Poisson mixture model estimation and model selection

Poisson mixture model estimation and model selection

These functions implement the EM and CEM algorithms for parameter estimation in a Poisson mixture model for clustering high throughput sequencing observations (e.g., genes) for a single number of clusters (PoisMixClus) or a sequence of cluster numbers (PoisMixClusWrapper). Parameters are initialized using a Small-EM strategy as described in Rau et al. (2011) or the splitting small-EM strategy described in Papastamoulis et al. (2014), and model selection is performed using the ICL criteria. Note that these functions implement the PMM-I and PMM-II models described in Rau et al. (2011).

PoisMixClus(y, g, conds, norm = "TMM", init.type = "small-em", init.runs = 1, init.iter = 10, alg.type = "EM", cutoff = 10e-6, iter = 1000, fixed.lambda = NA, equal.proportions = FALSE, prev.labels = NA, prev.probaPost = NA, verbose = FALSE, interpretation = "sum", EM.verbose = FALSE, wrapper = FALSE, subset.index = NA) PoisMixClusWrapper(y, gmin = 1, gmax, conds, norm = "TMM", gmin.init.type = "small-em", init.runs = 1, init.iter = 10, split.init = TRUE, alg.type = "EM", cutoff = 10e-6, iter = 1000, fixed.lambda = NA, equal.proportions = FALSE, verbose = FALSE, interpretation = "sum", EM.verbose = FALSE, subset.index = NA)

Arguments

  • y: (n x q) matrix of observed counts for n observations and q variables

  • g: Number of clusters (a single value). If fixed.lambda contains a list of lambda values to be fixed, g corresponds to the number of clusters in addition to those fixed.

  • gmin: The minimum number of clusters in a sequence to be tested. In cases where clusters are included with a fixed value of lambda, gmin corresponds to the minimum number of clusters in addition to those that are fixed.

  • gmax: The maximum number of clusters in a sequence to be tested. In cases where clusters are included with a fixed value of lambda, gmax corresponds to the maximum number of clusters in addition to those that are fixed.

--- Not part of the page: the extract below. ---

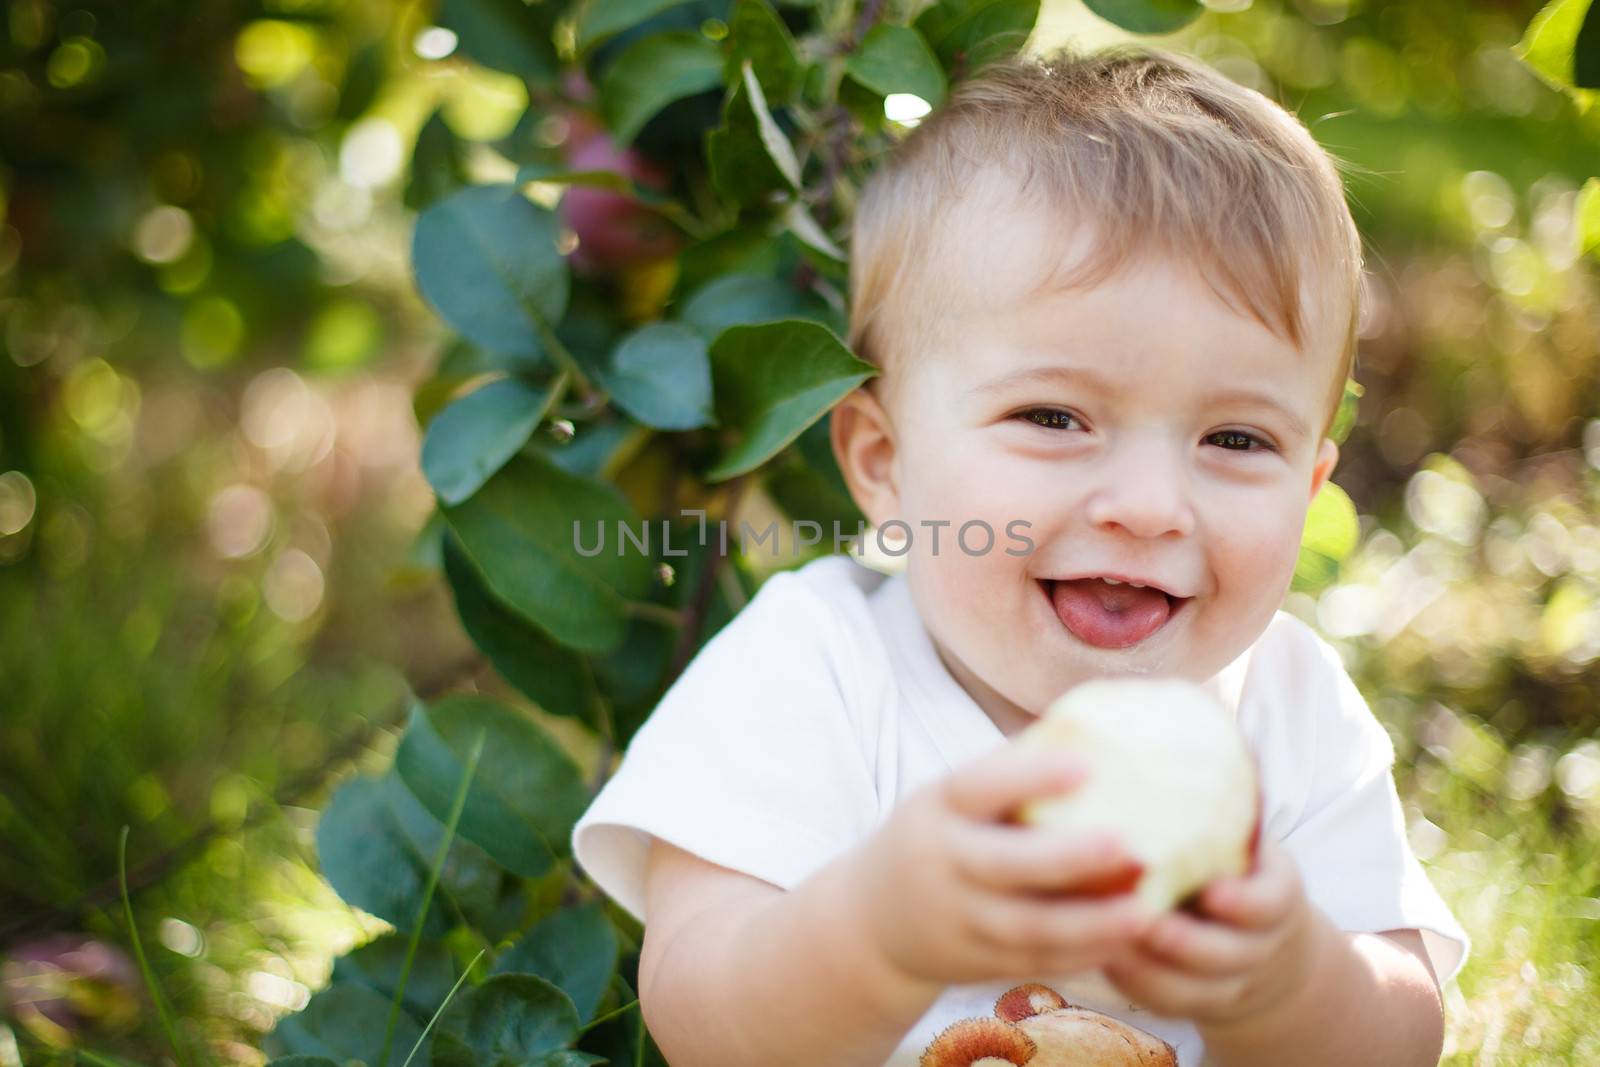 Baby eating a red apple in an orchard
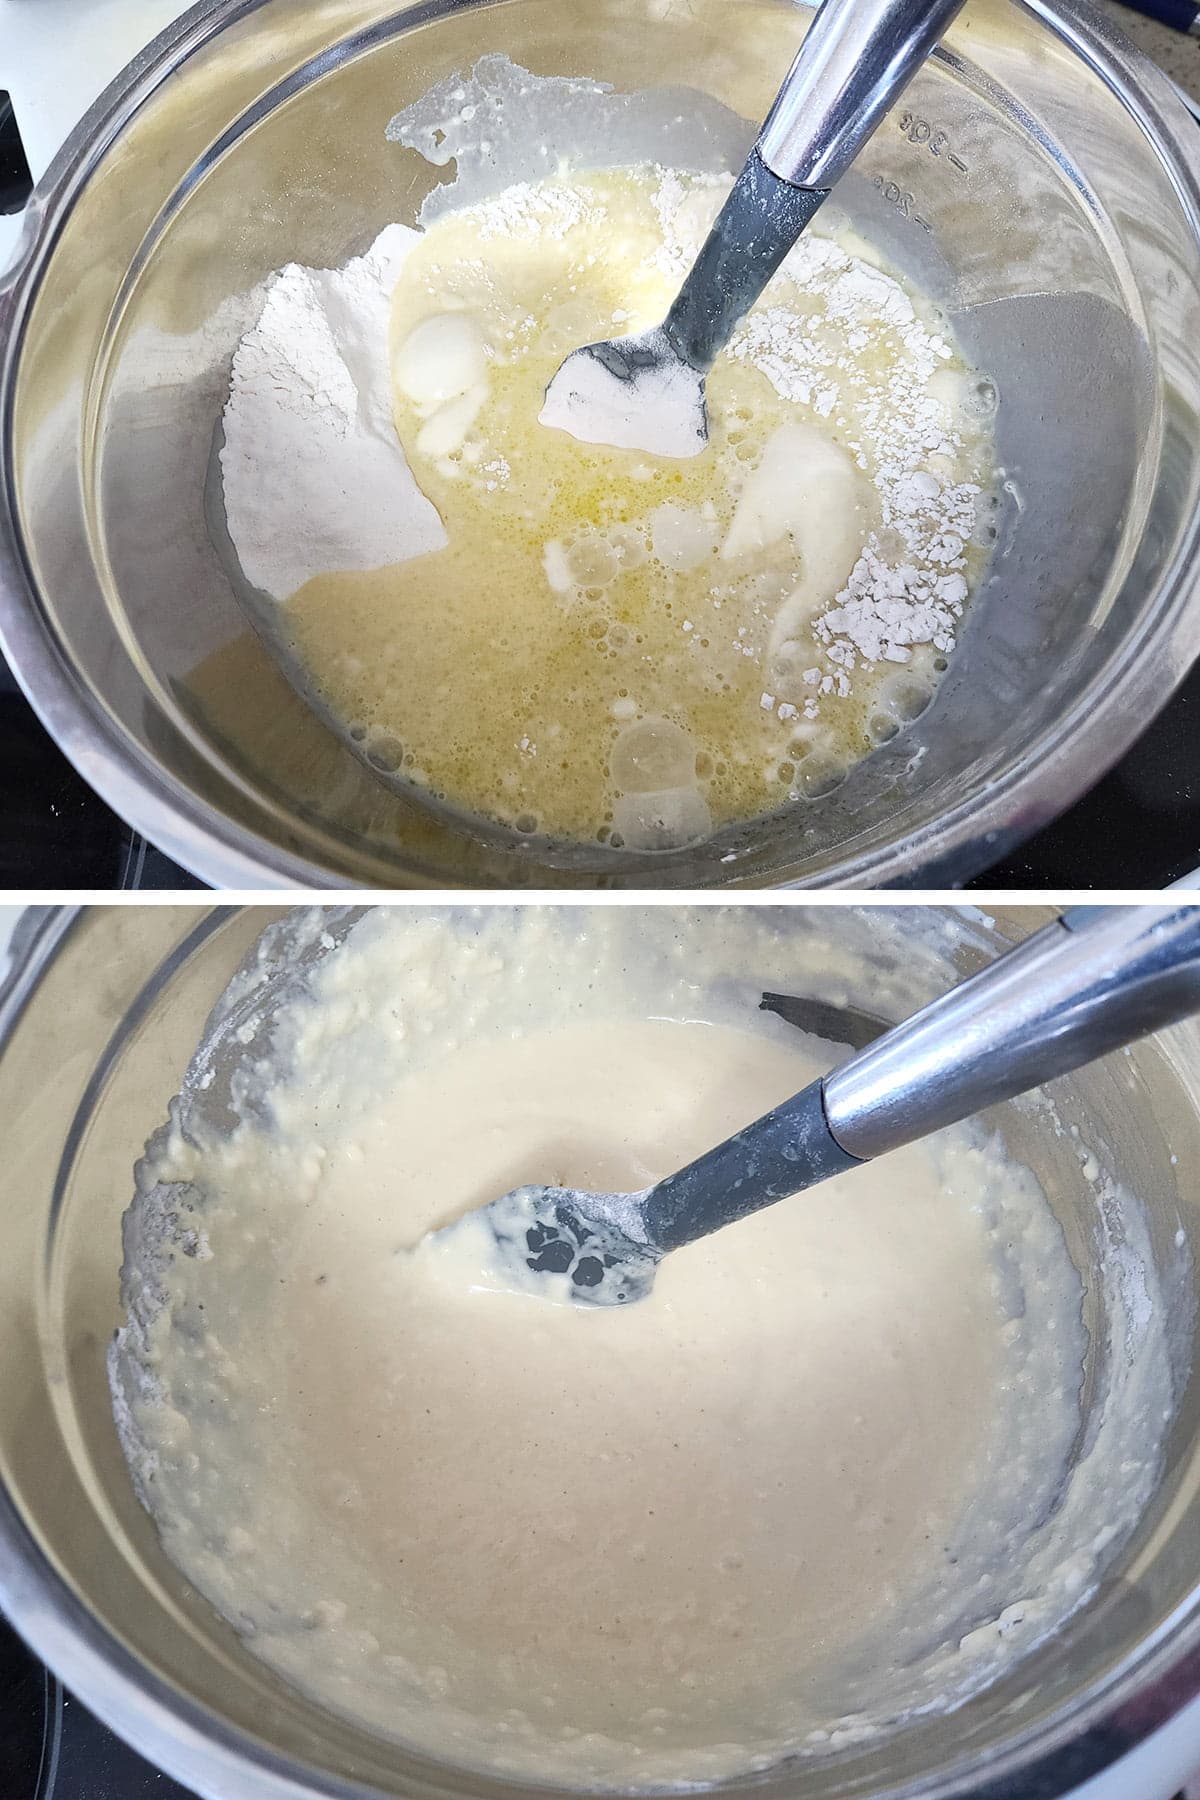 A two part compilation image showing the wet ingredients being added to the bowl of dry ingredients, before and after being mixed together.

  • conds: Vector of length q defining the condition (treatment group) for each variable (column) in y

  • norm: The type of estimator to be used to normalize for differences in library size: (‘TC’ for total count, ‘UQ’ for upper quantile, ‘Med’ for median, ‘DESeq’ for the normalization method in the DESeq package, and ‘TMM’ for the TMM normalization method (Robinson and Oshlack, 2010). Can also be a vector (of length q) containing pre-estimated library size estimates for each sample. Note that if the user provides pre-calculated normalization factors, the package will make use of norm/sum(norm) as normalization factors.

  • init.type: Type of initialization strategy to be used (‘small-em’ for the Small-EM strategy described in Rau et al. (2011), and ‘kmeans’ for a simple K-means initialization)

  • gmin.init.type: Type of initialization strategy to be used for the minimum number of clusters in a sequence (gmin): (‘small-em’ for the Small-EM strategy described in Rau et al. (2011), and ‘kmeans’ for a simple K-means initialization)

  • init.runs: Number of runs to be used for the Small-EM strategy described in Rau et al. (2011), with a default value of 1

  • init.iter: Number of iterations to be used within each run for the Small-EM strategry, with a default value of 10

  • split.init: If TRUE, the splitting initialization strategy of Papastamoulis et al. (2014) will be used for cluster sizes (gmin+1, ..., gmax). If FALSE, the initialization strategy specified in gmin.init.type

    is used for all cluster sizes in the sequence.

  • alg.type: Algorithm to be used for parameter estimation (‘EM’ or ‘CEM’ )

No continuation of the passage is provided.